ACTIVITY:
Everything in the listing below except the pictures should be reproduced exactly.
======== RECORDED DATA ========
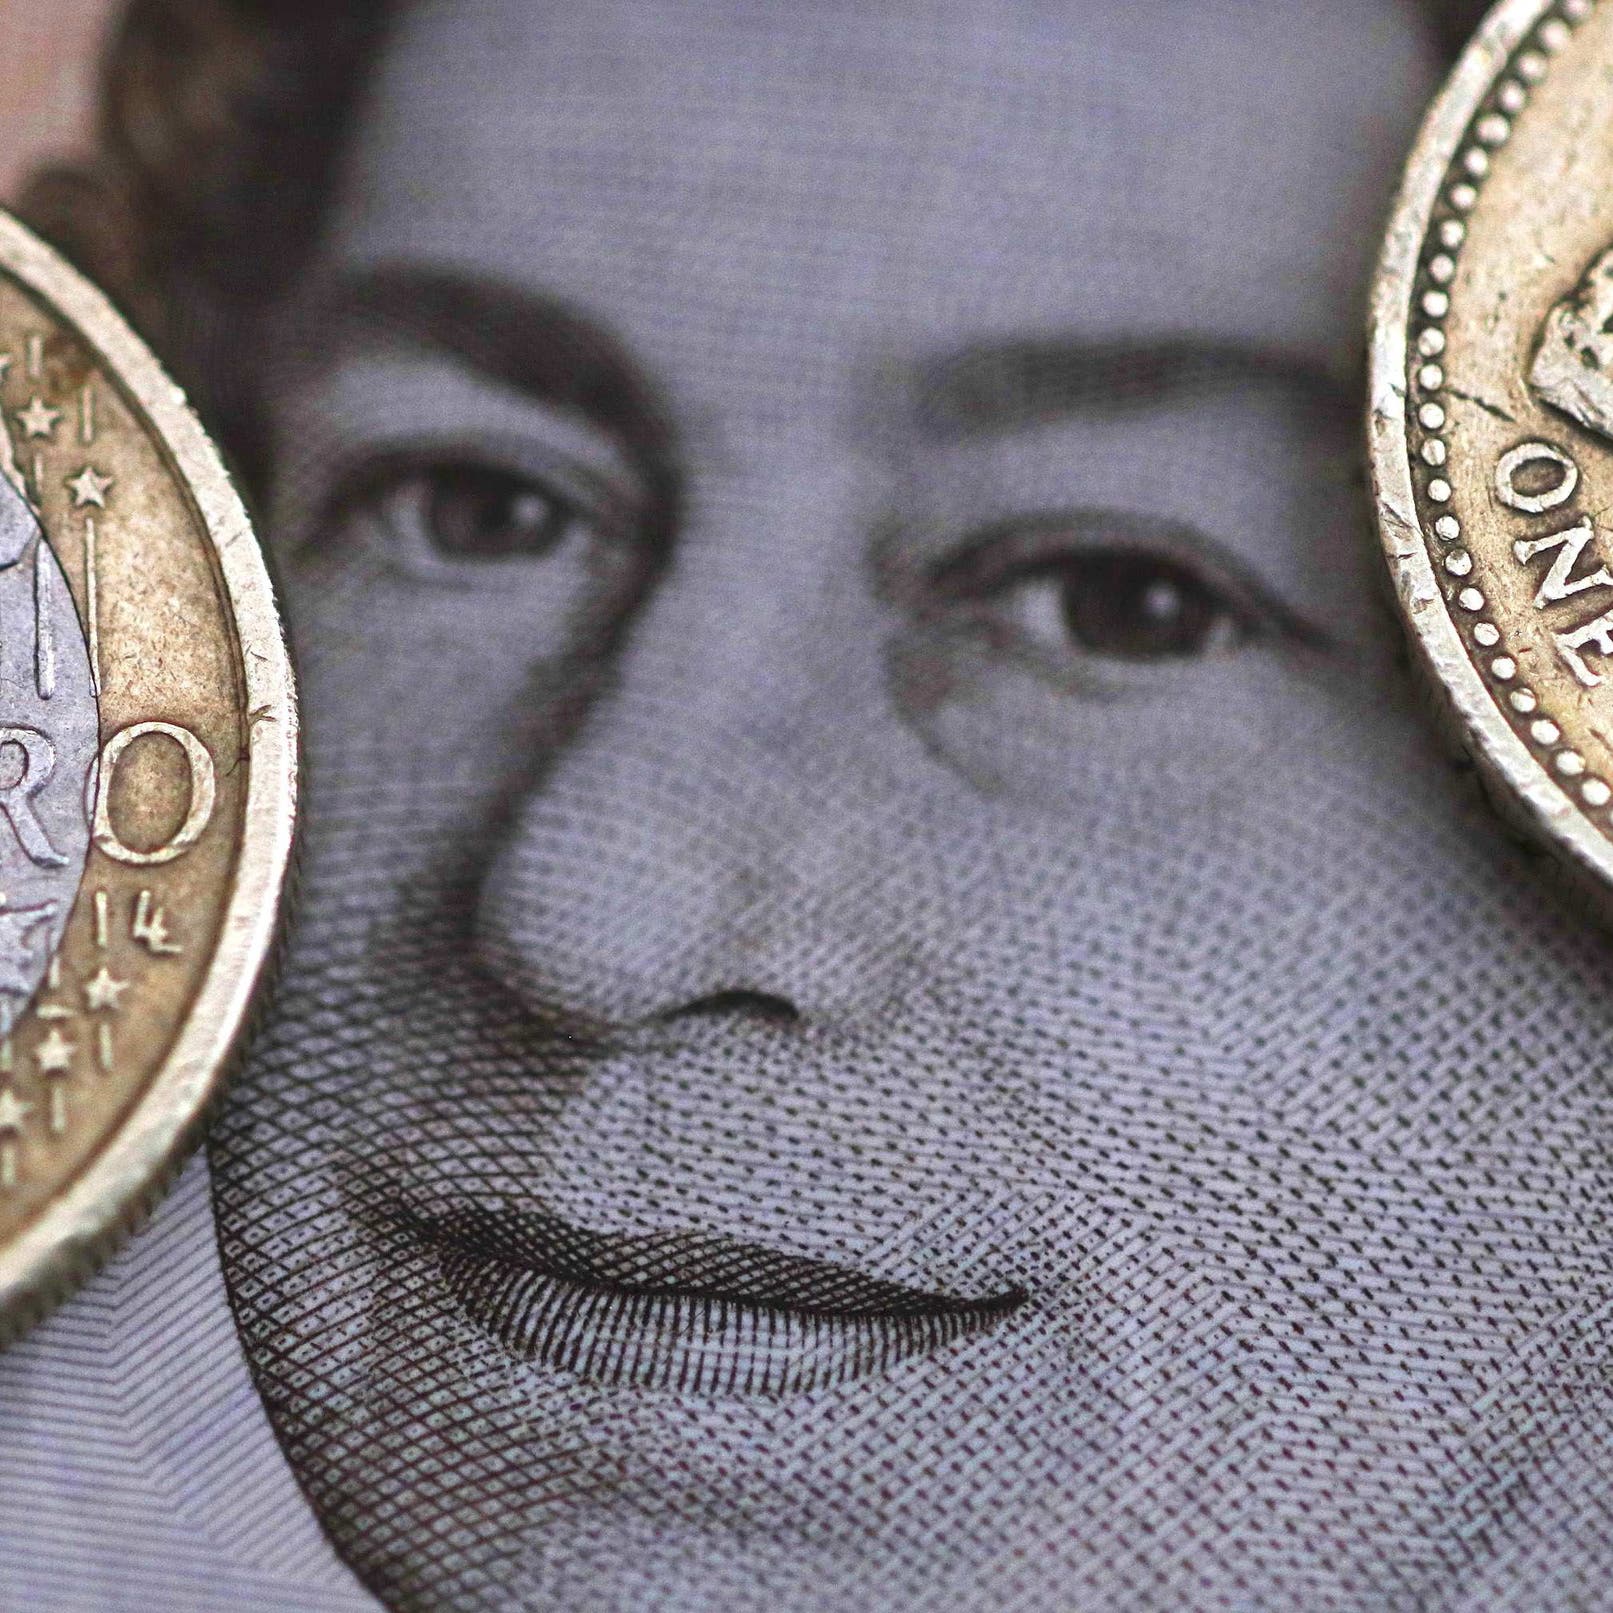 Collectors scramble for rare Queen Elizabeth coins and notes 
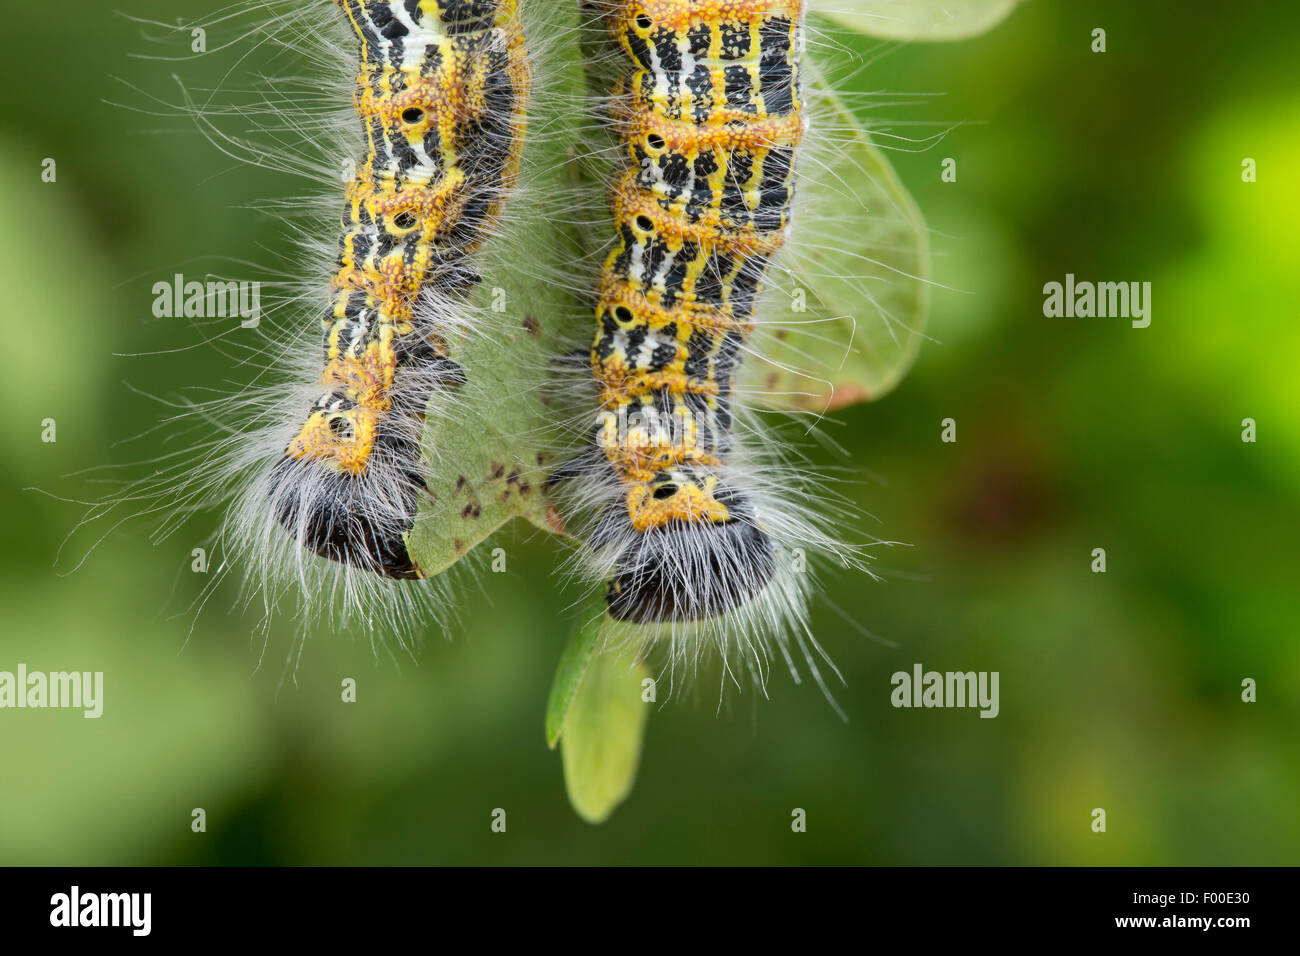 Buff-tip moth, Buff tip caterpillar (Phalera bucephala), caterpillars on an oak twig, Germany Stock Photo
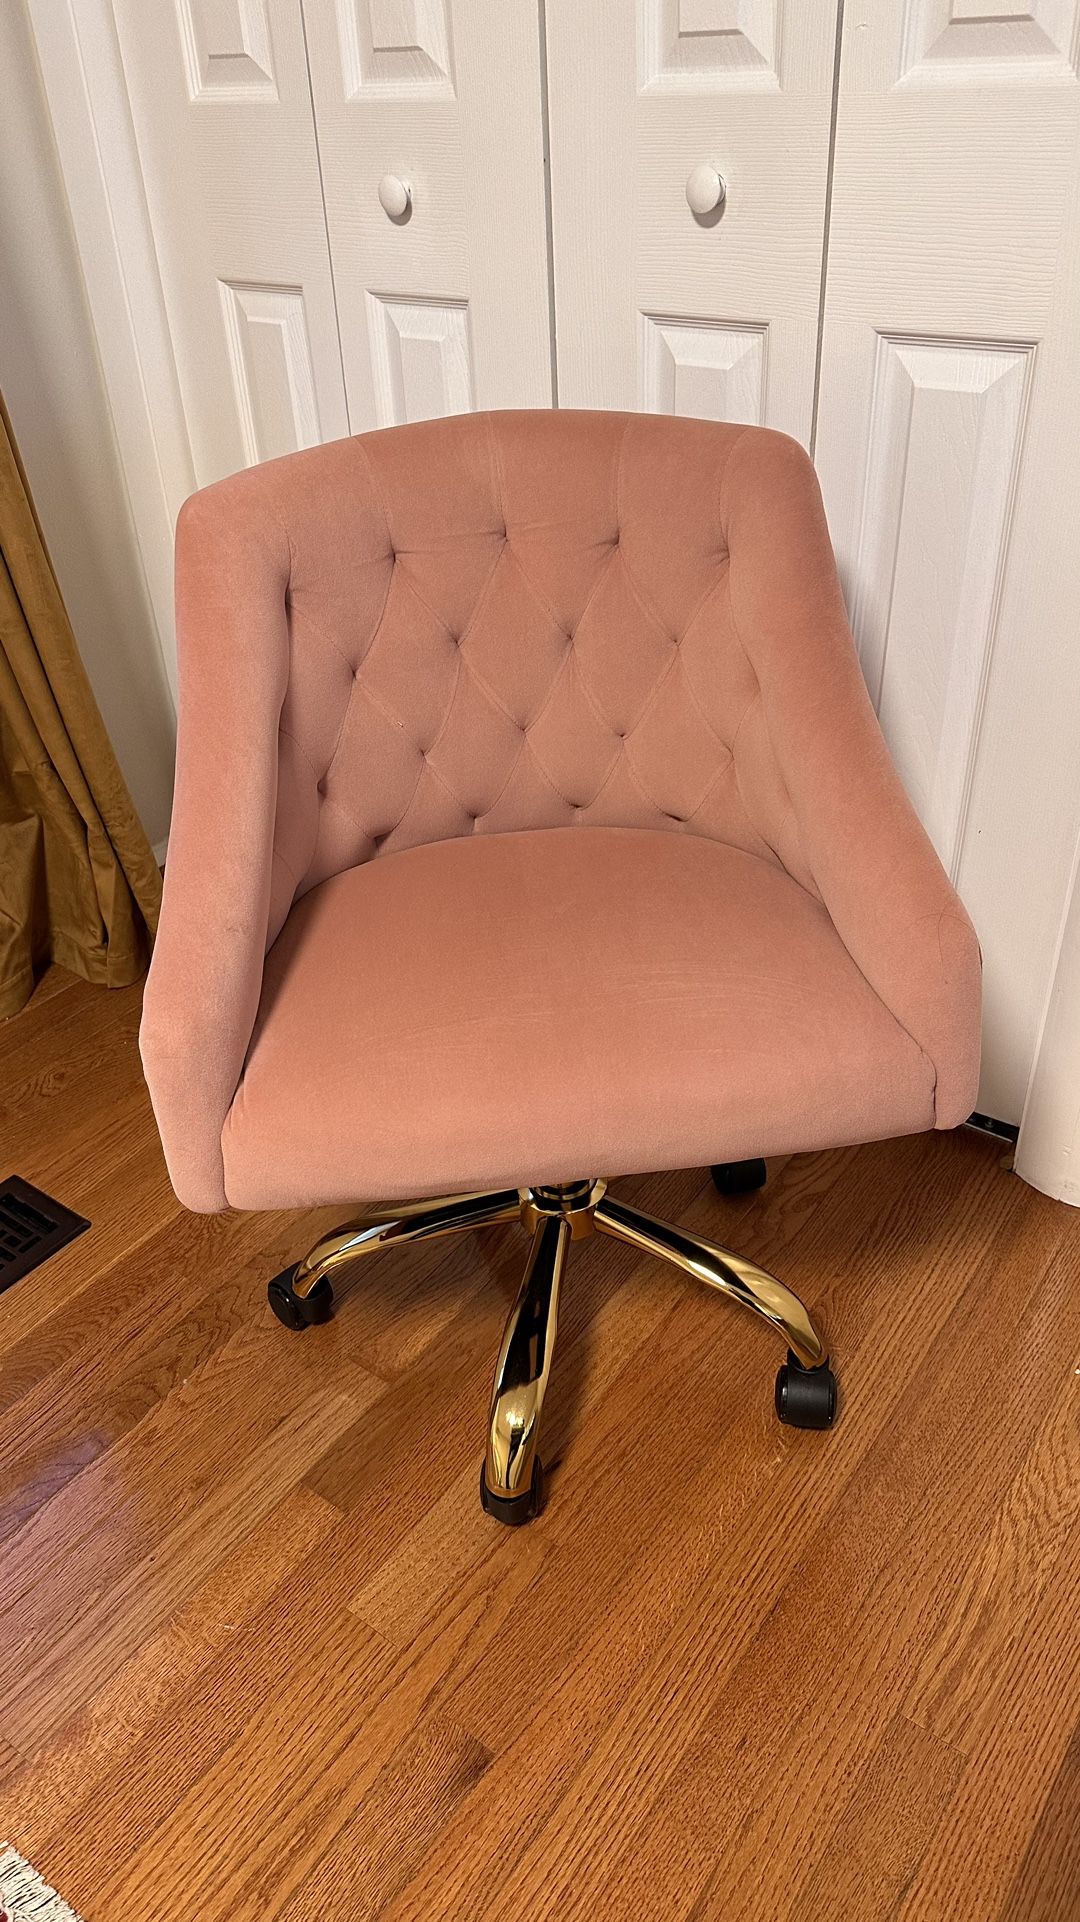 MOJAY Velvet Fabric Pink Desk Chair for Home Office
========
OUTPUT OF THE TASK:
 Collectors scramble for rare Queen Elizabeth coins and notes 
 Buff-tip moth, Buff tip caterpillar (Phalera bucephala), caterpillars on an oak twig, Germany Stock Photo
 MOJAY Velvet Fabric Pink Desk Chair for Home Office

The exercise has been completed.